There was more rioting in the city, attempts in the harbor to set fire to the Venetian fleet. The besiegers must fight or die. Dandolo for the Venetians and Boniface of Montferrat and Baldwin of Flanders and other French knights agreed on the division of spoils when the city was sacked.

In March, the Westerners decided to conquer not only Constantinople, but the entire Byzantine Empire. By mid-April, the city was burning and pillage, robbery, and slaughter raged through the streets.

Houses, churches, and monasteries were robbed of their treasures, chalices for the taking of the sacrament were used to swill the wine of drunkards, icons were used as gaming boards, jewels were gouged out and gold and silver melted down.

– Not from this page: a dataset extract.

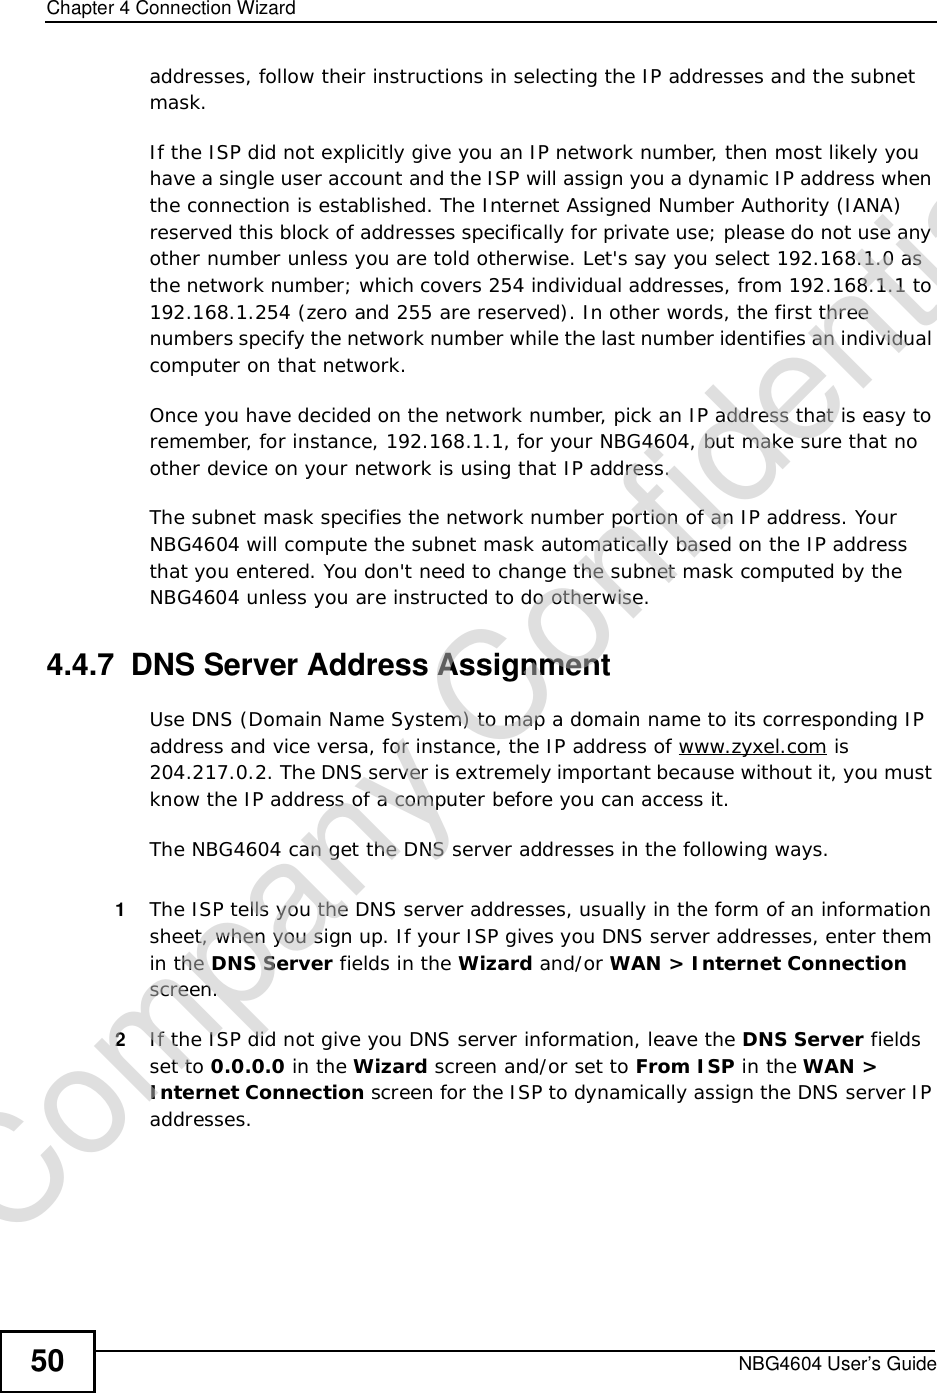 Chapter 4Connection WizardNBG4604 User’s Guide50addresses, follow their instructions in selecting the IP addresses and the subnet mask.If the ISP did not explicitly give you an IP network number, then most likely you have a single user account and the ISP will assign you a dynamic IP address when the connection is established. The Internet Assigned Number Authority (IANA) reserved this block of addresses specifically for private use; please do not use any other number unless you are told otherwise. Let&apos;s say you select 192.168.1.0 as the network number; which covers 254 individual addresses, from 192.168.1.1 to 192.168.1.254 (zero and 255 are reserved). In other words, the first three numbers specify the network number while the last number identifies an individual computer on that network.Once you have decided on the network number, pick an IP address that is easy to remember, for instance, 192.168.1.1, for your NBG4604, but make sure that no other device on your network is using that IP address.The subnet mask specifies the network number portion of an IP address. Your NBG4604 will compute the subnet mask automatically based on the IP address that you entered. You don&apos;t need to change the subnet mask computed by the NBG4604 unless you are instructed to do otherwise.4.4.7  DNS Server Address AssignmentUse DNS (Domain Name System) to map a domain name to its corresponding IP address and vice versa, for instance, the IP address of www.zyxel.com is 204.217.0.2. The DNS server is extremely important because without it, you must know the IP address of a computer before you can access it. The NBG4604 can get the DNS server addresses in the following ways.1The ISP tells you the DNS server addresses, usually in the form of an information sheet, when you sign up. If your ISP gives you DNS server addresses, enter them in the DNS Server fields in the Wizard and/or WAN&gt; Internet Connectionscreen.2If the ISP did not give you DNS server information, leave the DNS Server fields set to 0.0.0.0 in the Wizard screen and/or set to From ISP in the WAN&gt;Internet Connection screen for the ISP to dynamically assign the DNS server IP addresses.Company Confidential

The monuments of antiquity that had been revered down the centuries were looted and broken, imperial tombs, even that of Constantine the Great, were stripped, and the corpse of Justinian the Lawgiver desecrated. Nuns were raped.

In the Hagia Sophia itself, soldiers smashed the altar and stripped the sanctuary of its silver and gold. Horses and mules were brought in to be loaded with the spoil, and their hooves slid in the blood on the marble floors.

A prostitute danced on the throne of the patriarch and sang obscene songs.

The treasure stolen was said to be worth four hundred thousand silver marks, four times as much as the cost of the entire fleet. The doge of Venice, Enrico Dandolo, personally took fifty thousand marks.